In 1710, a disease known today as yellow fever, arrived in the port of Québec from the West Indies. The vector insect is Stegomya fasciata. This mosquito found the heat and humidity on board ship ideal for its reproduction and infected the vulnerable passengers with the dangerous virus. The sick sailors were taken to Hôtel-Dieu in Québec, where they died — as did six nurses and 12 priests. The epidemic must have claimed many victims, but the exact number is unknown. Once winter came, the insect and its disease both disappeared. There do not seem to have been any other such epidemics in Canada, even if a few sporadic cases occurred in the country's port cities. The Canadian government has on occasion declared quarantine against American ports where the disease has raged.
Baie Saint-Paul Disease
In 1773, a mysterious disease appeared in the Baie Saint-Paul area that spread through neighbouring parishes and finally reached the Montreal region. Its symptoms included buccal (cheek lining) ulcers, pain in the limbs and finally the destruction of the bones of the nose, the palate, the gums and the appearance of swellings on the head, the clavicles and the bones of the limbs. Men, women and children were all afflicted. After some hesitation and discussion, medical opinion decided that this malady, known as the Baie Saint-Paul disease, was a form of syphilis (see Sexually Transmitted Infections).

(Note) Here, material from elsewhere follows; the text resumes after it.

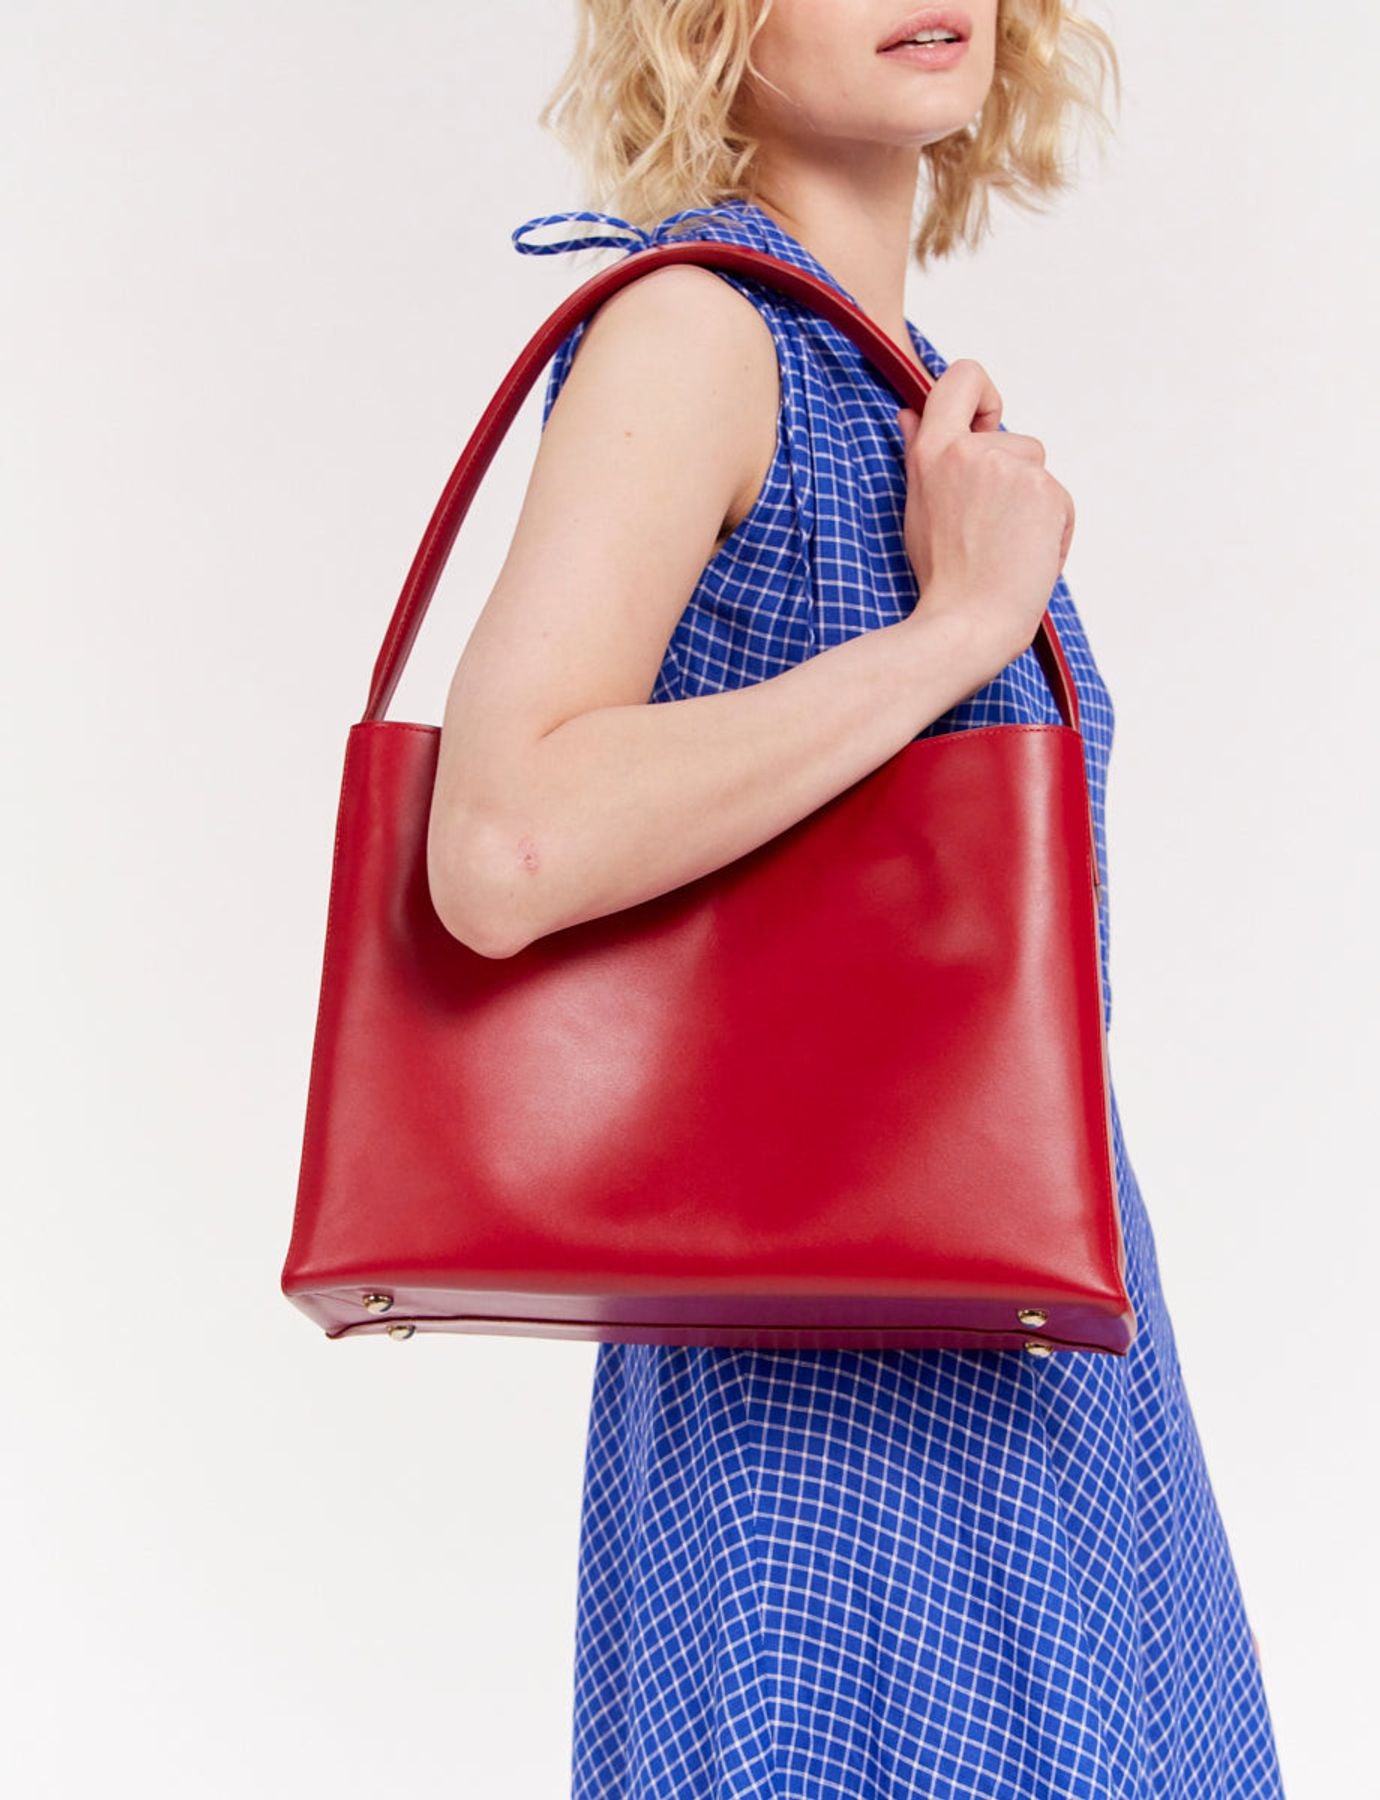 bag-leonore-l-cuir-red

Severe Acute Respiratory Syndrome (SARS)
Canada experienced an outbreak of severe acute respiratory syndrome (SARS) in 2003. SARS is an infectious disease caused by a coronavirus (SARS-CoV). It was unknown until a worldwide outbreak of the disease in 2002–03. Coronaviruses usually cause mild illnesses such as the common cold. The coronavirus that causes SARS, however, is more virulent. This means that it is better able to overcome the body’s defences.
The first case of SARS was reported in China in November 2002. The virus then spread to more than 20 countries, including Canada. Global travel helped to quickly spread the disease. According to the WHO, 8,096 people worldwide were infected during the outbreak (from 1 November 2002 to 31 July 2003). Of these, 774 died.

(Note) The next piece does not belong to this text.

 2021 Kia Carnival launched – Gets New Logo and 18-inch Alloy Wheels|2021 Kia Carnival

In Canada, the outbreak was largely centred in Toronto. It was mostly contained to hospitals, where health-care workers, the elderly and those with pre-existing illnesses ill were most at risk. During the outbreak, thousands of Canadians were quarantined. Many of these people voluntarily quarantined themselves in their homes. Airports in Toronto and Vancouver screened travellers for high fever. In total, there were 438 probable cases of SARS in Canada, resulting in 44 deaths. (See also SARS in Canada.)
See also: Tuberculosis
Epidemic – A widespread outbreak of an infectious disease in a population at a particular time.
Quarantine – The separation of an individual, or a group of people, from a surrounding population and the restriction of their movement to prevent the introduction and spread of a disease.
Virus – An organism, too small to be seen with a typical microscope, that can multiply inside the cells of its host and usually causes disease.